The computer can simulate the transcription process. We will do this today with part of the DNA sequence for the BRCA1 gene for cancer cells obtained from Emily, who was diagnosed with breast cancer, and her sister Annie.  For the remainder of this case study, when we refer to testing results for Emily, we refer only to testing of her cancer cells.  For the DNA sequences for both Emily and Annie, you are provided with a part of the sequence of *exon 4* in the BRCA1 gene.   Exons are regions of the gene that are coded into protein, and mutations in BRCA1 exons, including exon 4, have been associated with cancer.   The sequence below is written to resemble part of the *coding strand* sequence.
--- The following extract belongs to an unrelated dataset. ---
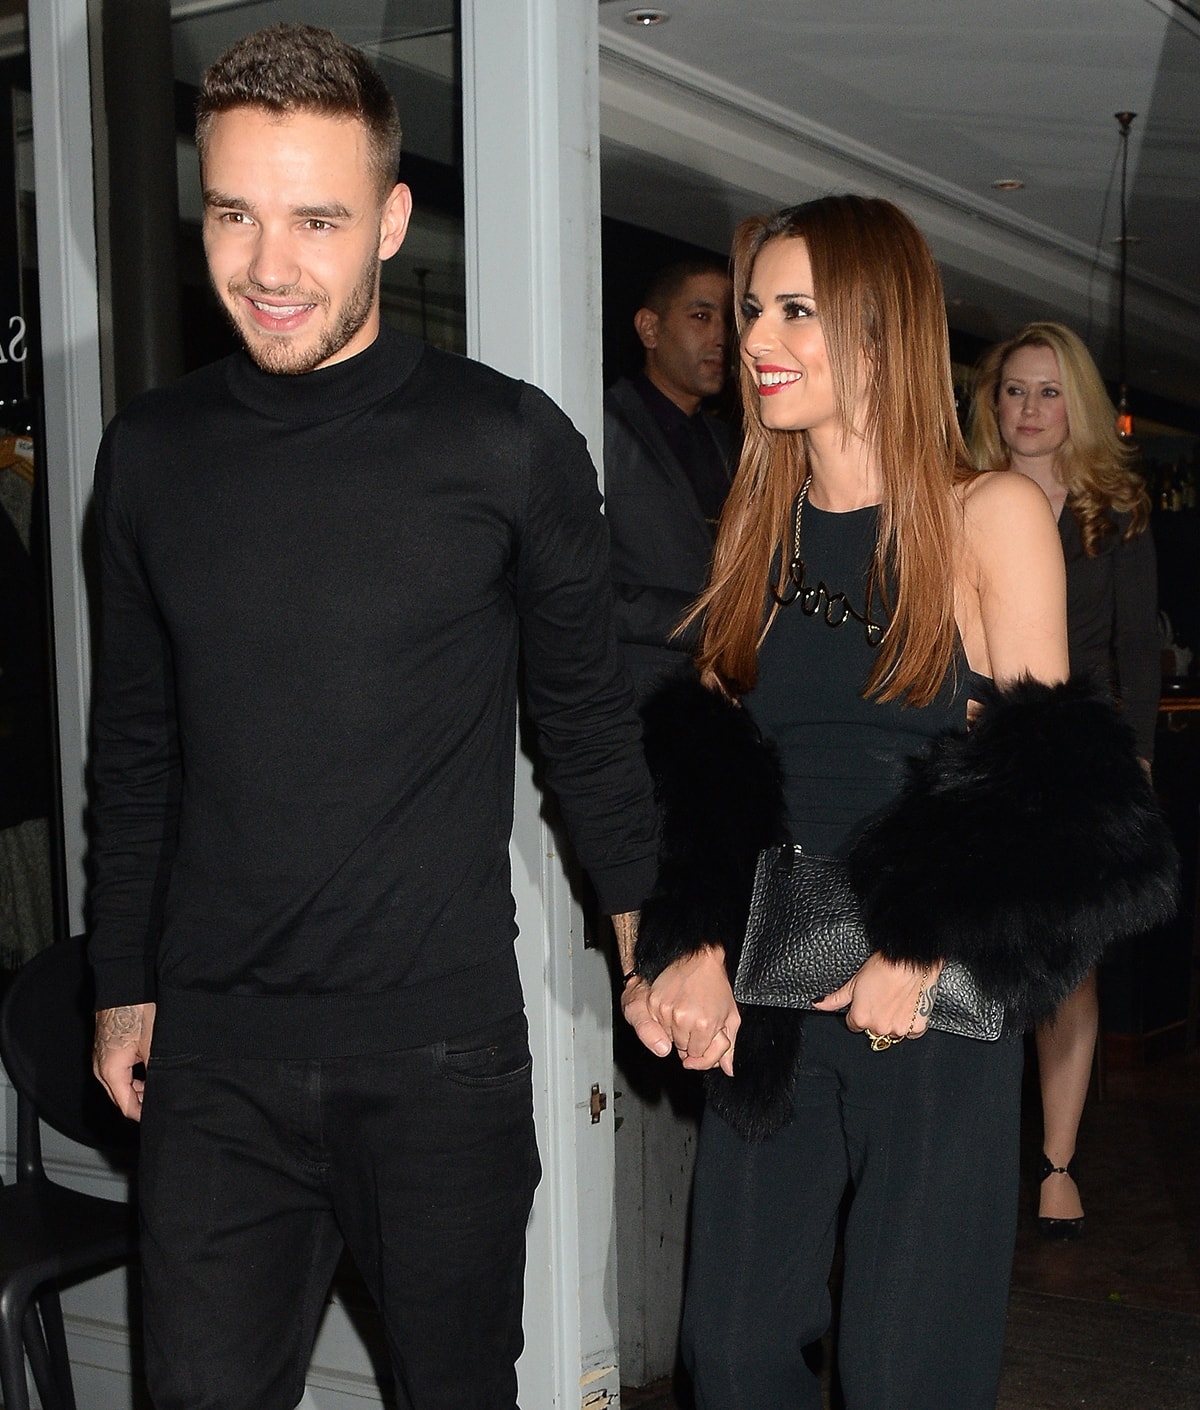 Cheryl and Liam went public as a couple in February 2016, welcomed son Bear in March 2017, and split in July 2018

Below is a part of the exon 4 sequence of Emily's coding strand of DNA, written as a string of letters. For each strand of DNA written in today's activity, the 5' will be located on the left side of the sequence, and 3' will be located on the right side of the sequence. Emily's DNA sequence for exon 4 is assigned to a variable called "emily_dna". In this exercise, you will determine Emily's RNA sequence (which will be assigned to a variable called "emily_rna") based on the DNA coding strand using the String method [`replace()`](https://docs.python.org/3/library/stdtypes.html#str.replace). In this example, we will replace the coding strand T's with RNA strand U's using the command replace("original","new"). After performing this function, we want to ensure that the DNA coding strand sequence actually got replaced by the RNA sequence. To do this, we use the [`print()`](https://www.w3schools.com/python/ref_func_print.asp) function which prints the output (in this case, the string of Emily's RNA sequence) or specified message.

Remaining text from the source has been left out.